Часть первая, часть вторая, часть третья, часть четвертая, часть пятая, часть шестая, часть седьмая
Не надо тебе туда
В семнадцать лет всё здорово. Можно гулять, веселиться, влюбляться во всех девчонок сразу, тусить на концертах. Но именно в семнадцать лет нависает мрачная тень по имени «армия». И это неотвратимо, как осень и школа. Постоянная мысль о том, что ты будешь лысым, ходить строем, вскакивать с кровати, когда хочется спать, бежать неизвестно зачем и куда, исполнять, что прикажут: смирно, налево, направо, упал-отжался. Как только эта мысль подступала, пропадало всякое веселье. Наваливалась тоска и безысходность, даже если это было лето, солнце, речка, а рядом Ленка, Танька, мотоцикл и гитара. «Армия» — страшное слово. И страшное оно не потому, что я не люблю свою Родину, или потому, что я трусло конченое – нет! Страшно потому, что в армии тебя поведут, куда ты не хочешь идти, и заставят делать то, что делать вовсе не хочется. Ты станешь винтиком в механизме, ничем не отличимым от остальных. Р-раз — и ты лысый, а ведь всю жизнь был волосатым. Р-раз — и ты в строю, но строем не ходил никогда, даже в очереди не стоял. Ты просто становишься как все. И никакая ты не талантливая и особенная личность.
А тут еще с оружием в руках отправляли на помощь братскому народу в Афганистан, и печальные истории вернувшихся о не вернувшихся не бодрили и не звали отдать свою жизнь неизвестно за что и зачем. Но неизбежность, она потому и неизбежность, что от неё как ни бегай, как ни убегай, всё равно в нее уткнешься, да еще растерянным и неготовым её встретить.

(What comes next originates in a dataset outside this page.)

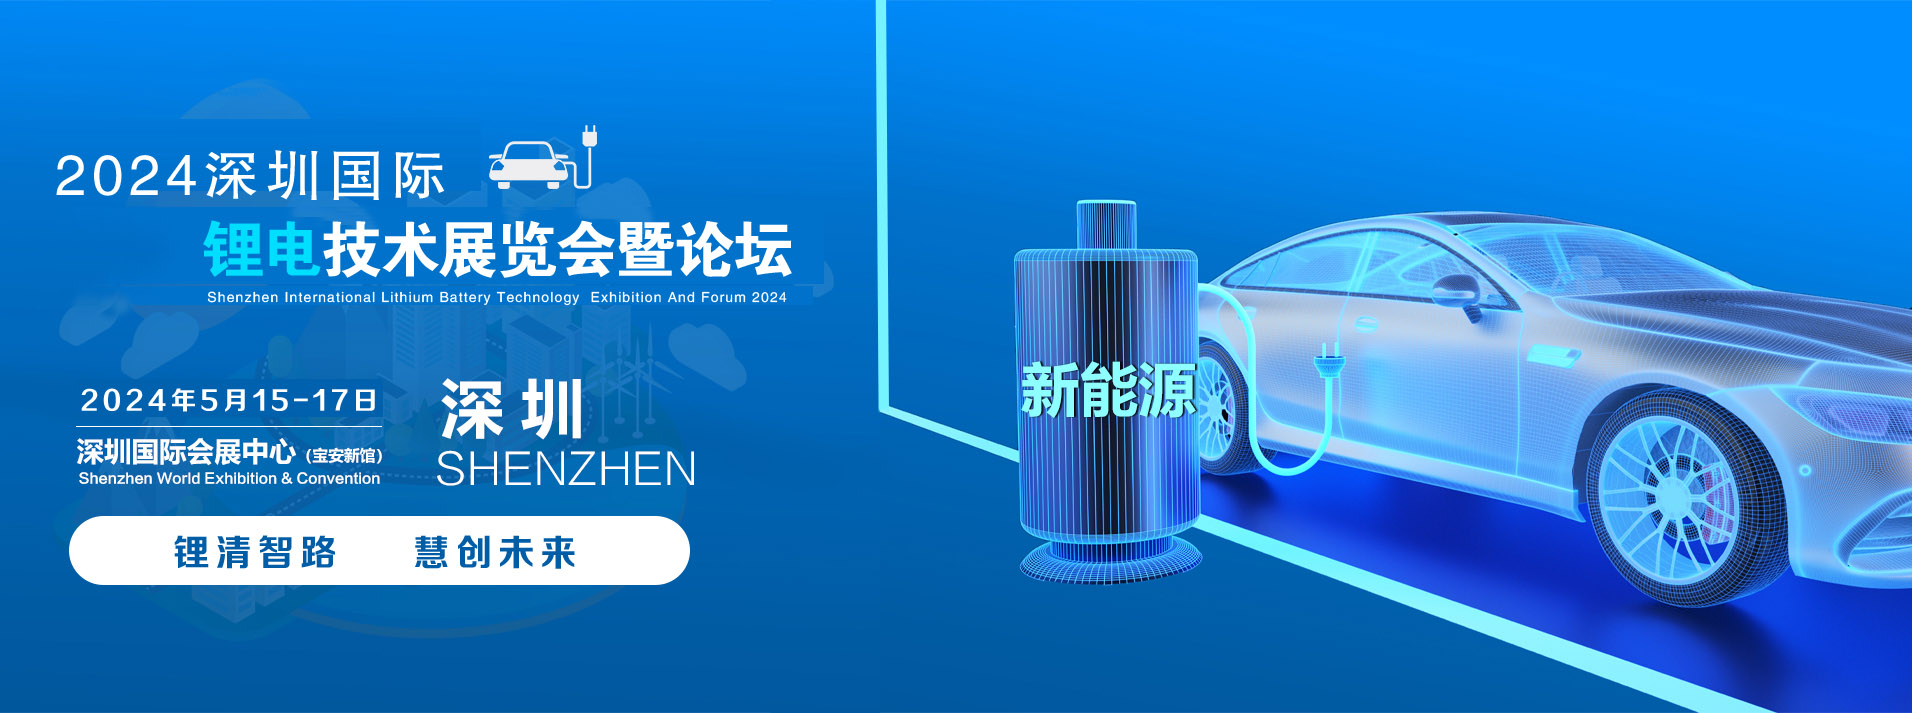 2024深圳国际锂电池技术展览-深圳展览展台设计搭建(图1)

Уже были пройдены все медкомиссии, где с кислыми лицами тебя осматривали, как животное на ферме. Годен-негоден. Годен! Следующий! Я уже смирился с тем, что два года из жизни будут вычеркнуты. Но тут произошло непредсказуемое. На очередной комиссии военные начальники сказали слова, от которых у меня ослабели колени и в животе сделалось тошнёхонько. И так запросто они это сказали, будто я не был особенным, единственным, неповторимым, так себе, просто пацан, как все. Сидящий по центру стола офицер посмотрел на меня, задумался, полистал какой-то журнал и сказал: «Давайте-ка его в Морфлот».
— Куда-а-а?! — заскулил я, забыв о собственной крутизне, — куда вы сказали? — Последний слог я задрал вверх, сорвался на фальцет, да так и остался стоять истуканом, вытянув шею вперед и растопырив глаза как сова. Офицеры как по команде глянули на меня. На лицах никаких эмоций, и так же, как по команде, снова уткнулись в листочки.

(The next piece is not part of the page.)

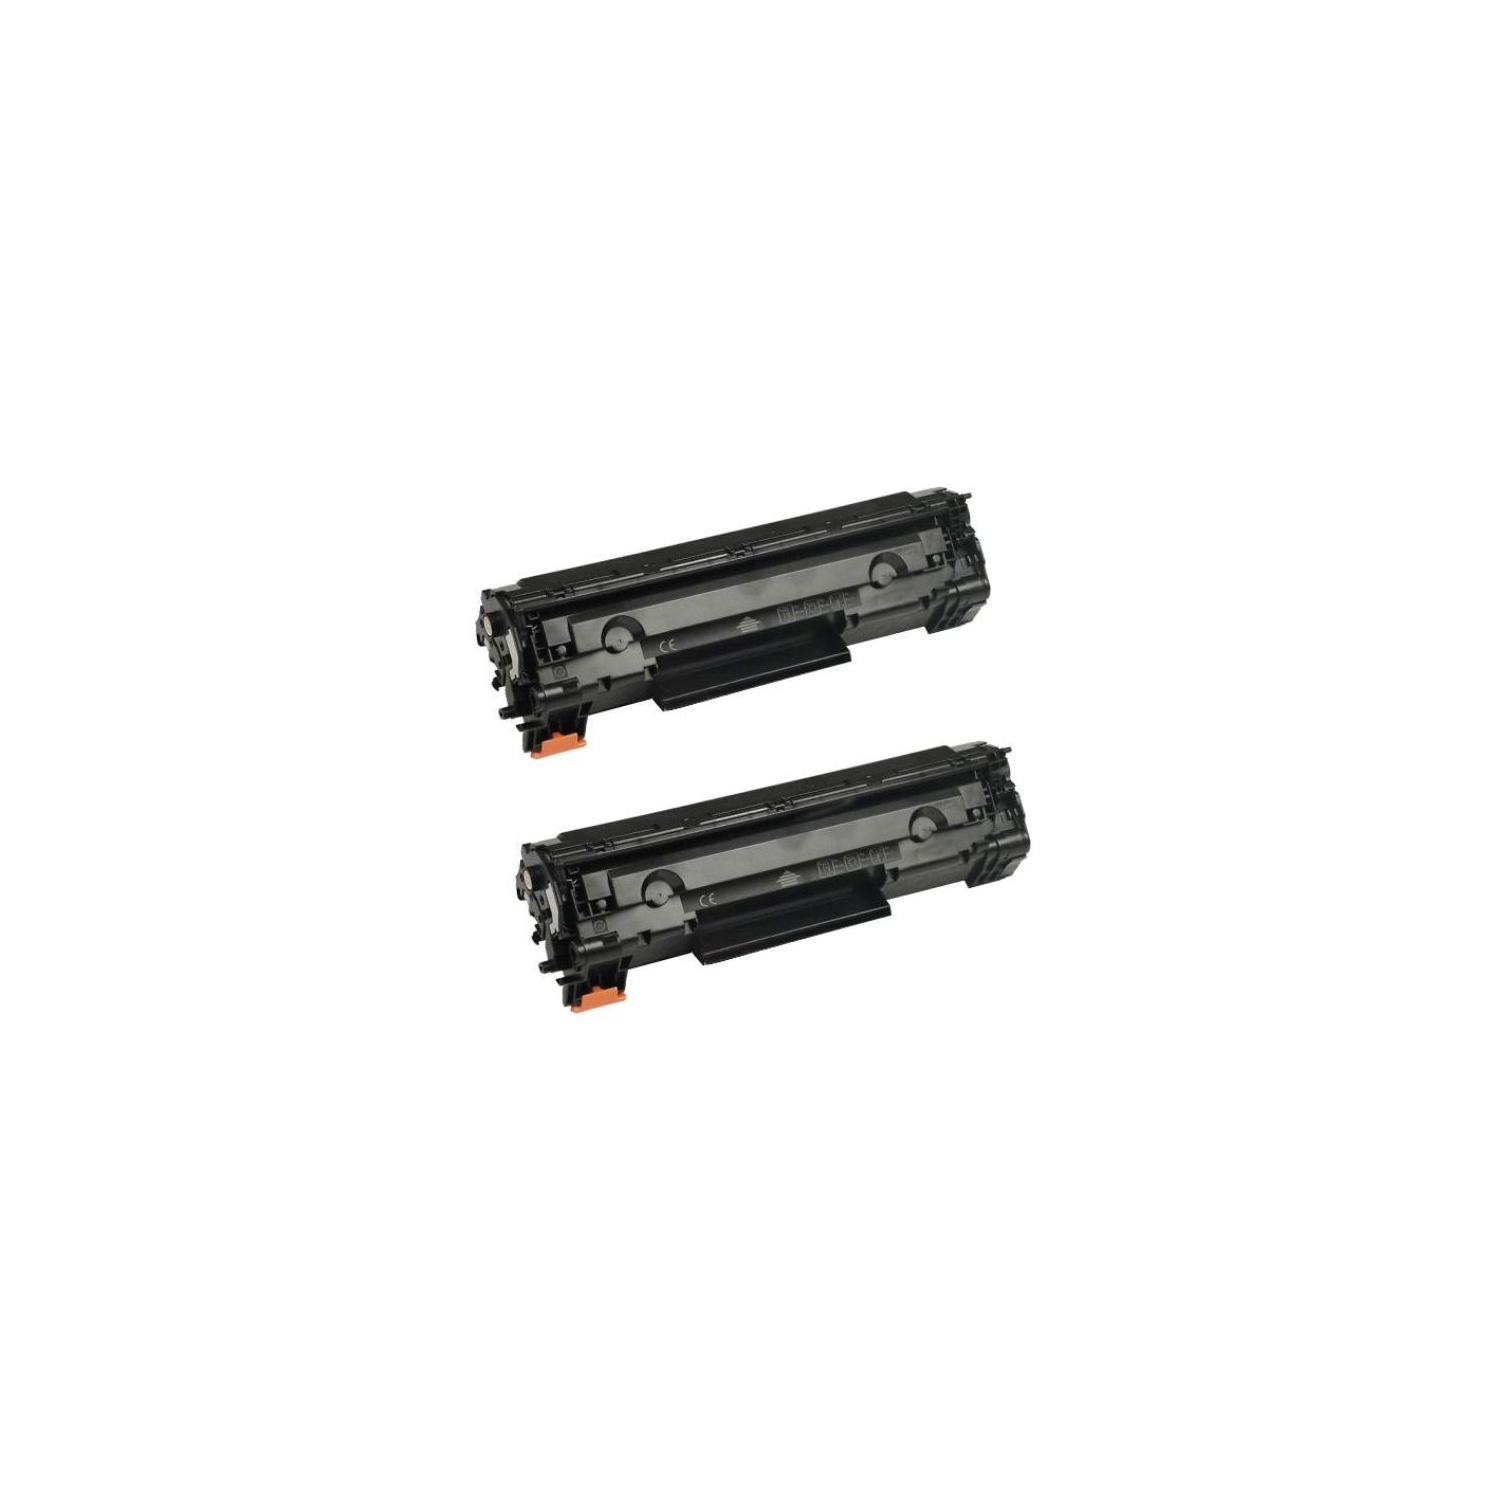 2Pk CF279A Toner Cartridges Compatible for HP 79A CF279A (79A) Black LaserJet Pro MFP M26a MFP M26nw M12a M12w

— В Морфлот, — повторил офицер и отрезал: — Следующий!
Жизнь оборвалась. В голове теперь лежал угловатый камень, а на нем надпись: «Морфлот». Три года! И так обидно, что нет вариантов, как в сказке: «направо пойдешь, налево пойдешь, прямо…». Все предельно конкретно — Морфлот. Три года. И дел нет тому офицеру, два года или три. Всё равно. Я убит. Просто убит, и нет меня.

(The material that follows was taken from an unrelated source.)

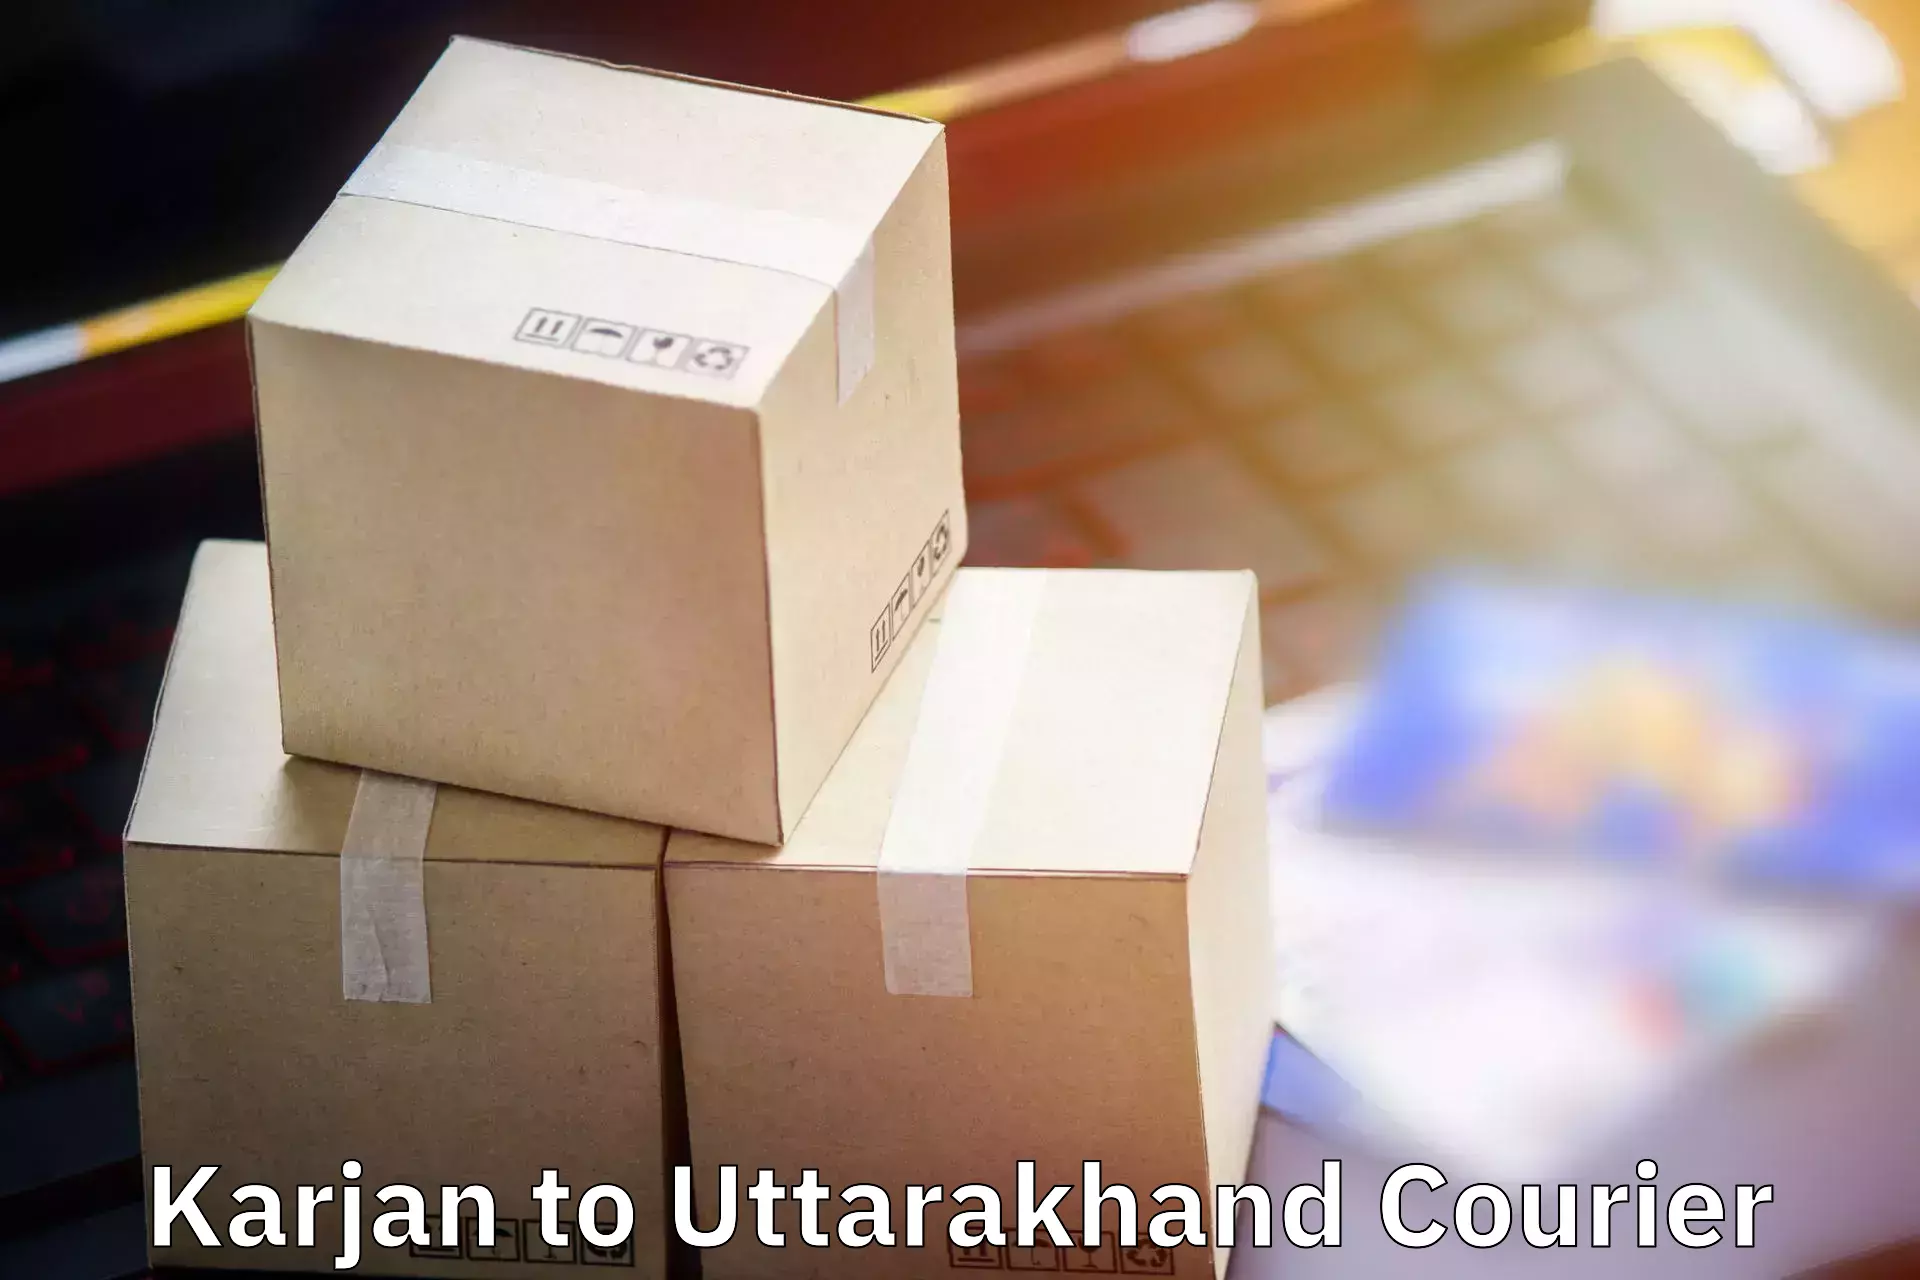 Baggage shipping experience Karjan to Haridwar

С таким чувством я и пришел на следующий день к самому главному врачу и последнему. Солнце, как назло, дразнило хорошей погодой. Из окна проехавшей машины звучало Salut Джо Дассена, отчего на душе становилось совсем тоскливо.
«Вот тебе и салют, — подумал я и попытался философствовать, — сидят же люди в тюрьме и не два года, и не три, а побольше бывает, и ничего, живы остаются».
Коридор конторы, где сидел самый главный доктор, был пуст. Обычно тут пацаны толпились, шумели, выпендривались друг перед другом, а сейчас никого.
— Кабинет номер три, — прочитал я полушепотом, — именно три — три года, Морфлот — получи!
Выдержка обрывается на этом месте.